Yes. I was the same way. Had no idea normal people were so stiff.

That is why is it so important to learn and teach how to self-advocate. I was advocating for Grace automatically. They would say something stupid like "She has full range of motion" and I would say "How do you know? You don't know what her ROM is normally." The little fat guy got it instantly, but the older woman just looked annoyed.

That is the other thing: Some do get it when you explain, and some just never will.



Yes, that's it, they are stiff. If I had had a normal child, instead of the flopsy one I've got, I'd have been concerned and gone to the doctor to find out what was wrong!


Normalcy is weird and extremely subjective.. i always thought me and mom were just, clutzy. we'd both injure ourselves. and mom would have weird complications from her surgeries and we both didnt heal on the timelines the doctors thought we should..

then i found out about EDS and we got diagnosed..
and everything makes since now!

i didnt know when i was walking, that getting random sharp pains (likely subluxations of my feet bones) in my feet wernt normal. I told mom, and she got them too so i figured it was normal .. same w/ knee issues and random "twists" and sprains etc.. my hip problems, flexibility still only now discovering all sorts of things that most people don't experience.. that i dont think twice about cuz its been normal for me my whole life.
its still facinating in some ways.

hard to convince others (medical professionals...) sometimes though...i wanna spread the news about it moreso at my job and as i get thru nursing school and once im a nurse...increase awareness and knowledge.


This thread is a litle old, and I'm not familiar with htis board-- but I'll give it a try.

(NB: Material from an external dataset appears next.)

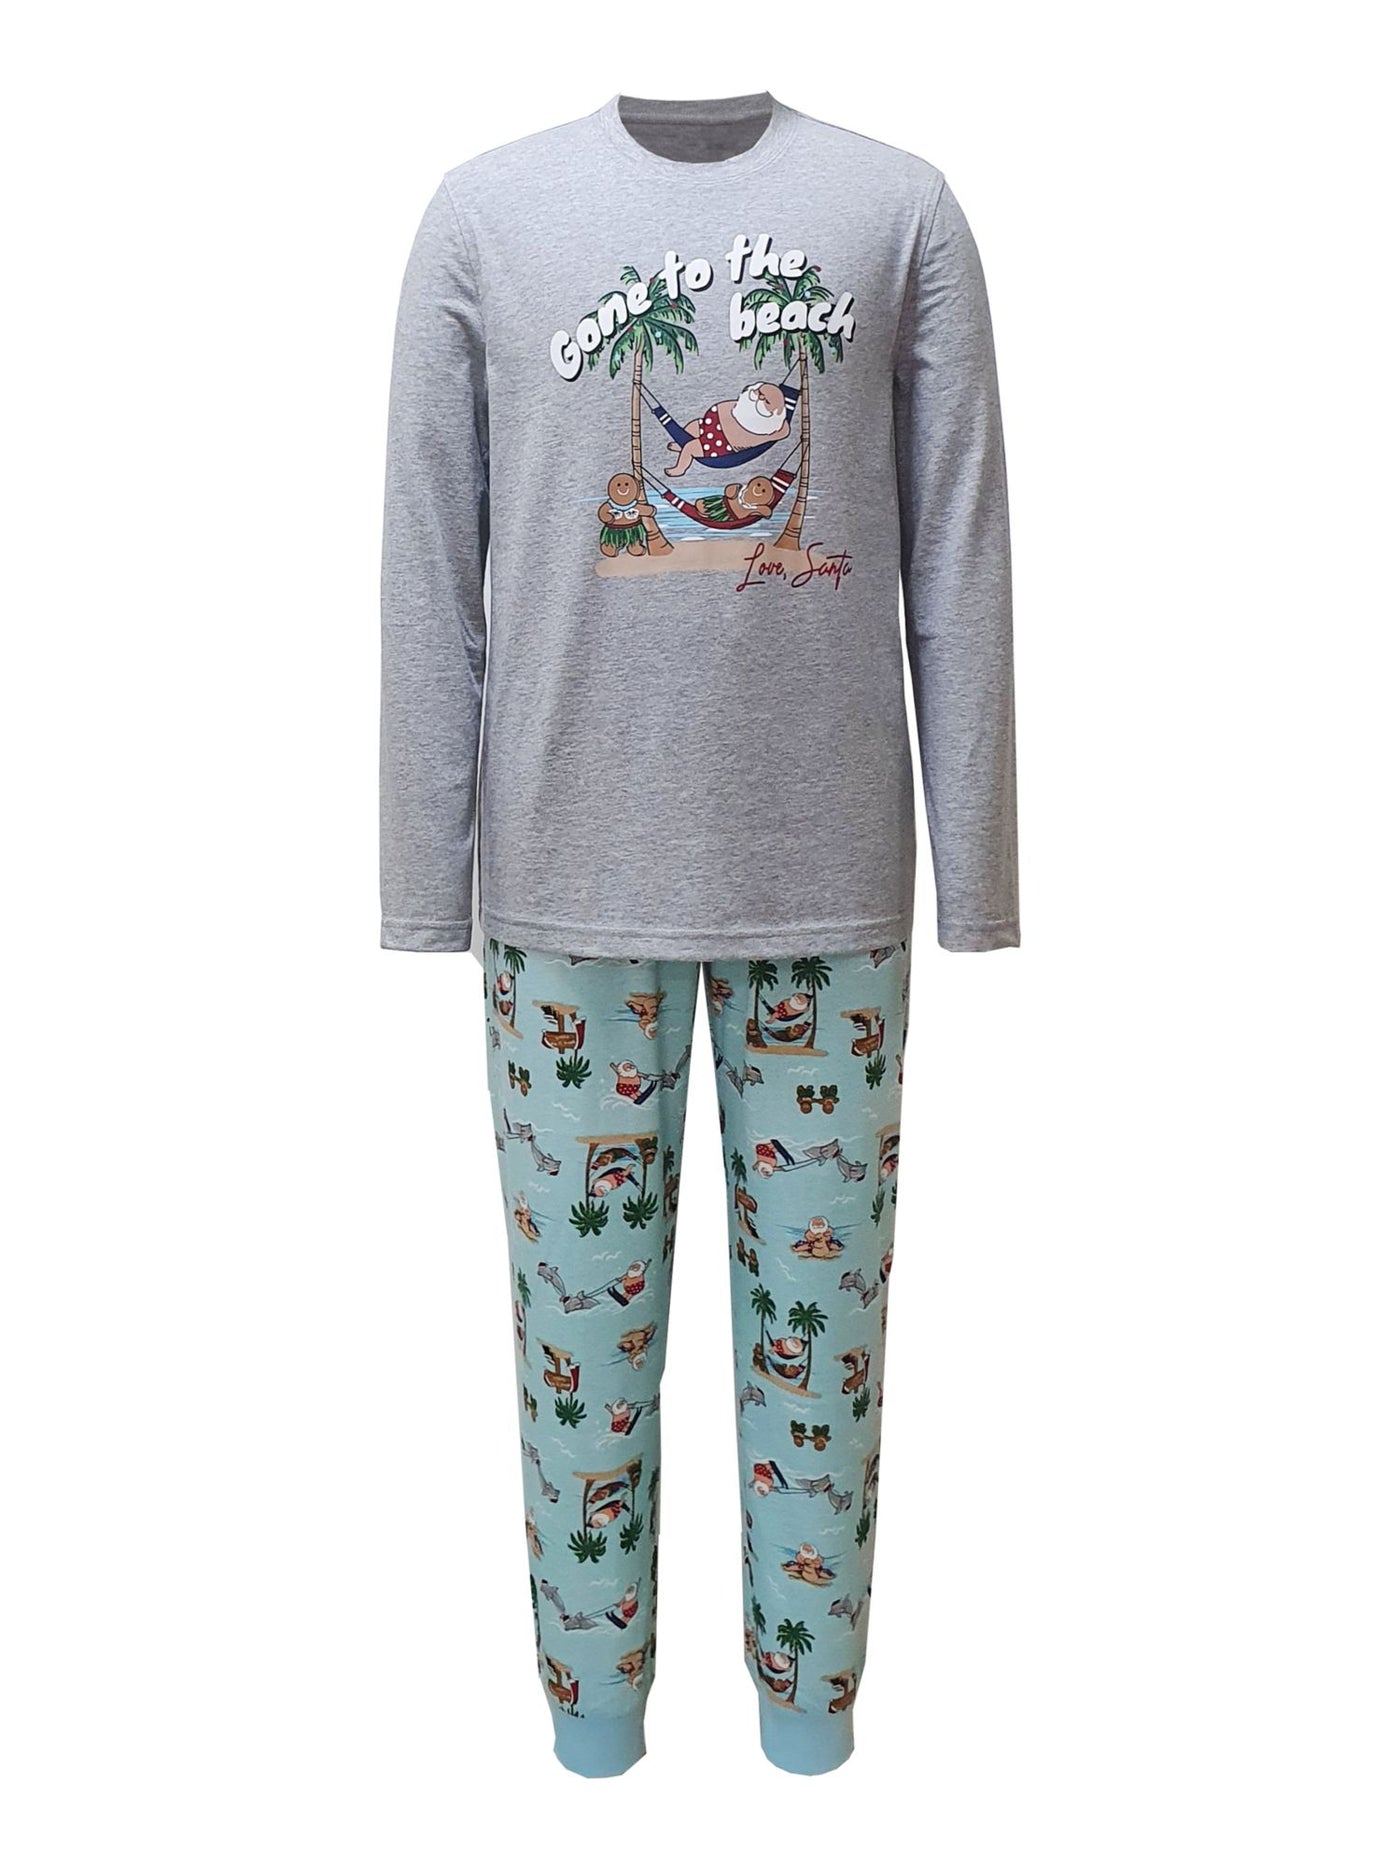 FAMILY PJs Mens Gray Graphic T-Shirt Top Lounge Pants Pajamas XXL

My son, 19ys, has Asperger's and is doing quite well now that he's in college, so it's time, I guess for my 16yr old daughter to have problems-- and the doctor suspects ADS-- she had problems with her elbows popping out when she was little, now it's her hips and knees and yesterday her finger, for no reason-- We rushed her to the doctor just so he could see it looking all crooked and believe her-- and mentioned that she, her dad and her brother all have horrible stretch marks on their torsos. But none of them are particularly flexible (Though my son has always had trouble not falling over, or out of chairs, if he forgets to focus on his body-- we thought that was all sensory integration/aspie stuff--)
So are these two "Syndromes" at all related? I am feeling uncomfortable with two syndromes in the family.

One Sick Mother


I don't know if they are related necessarily, but I do know that quite a few people with EDS do have an ASD as well. However with ASDs at 1/150 right now, it makes sense that there would be some overlap with ASD and virtually everything.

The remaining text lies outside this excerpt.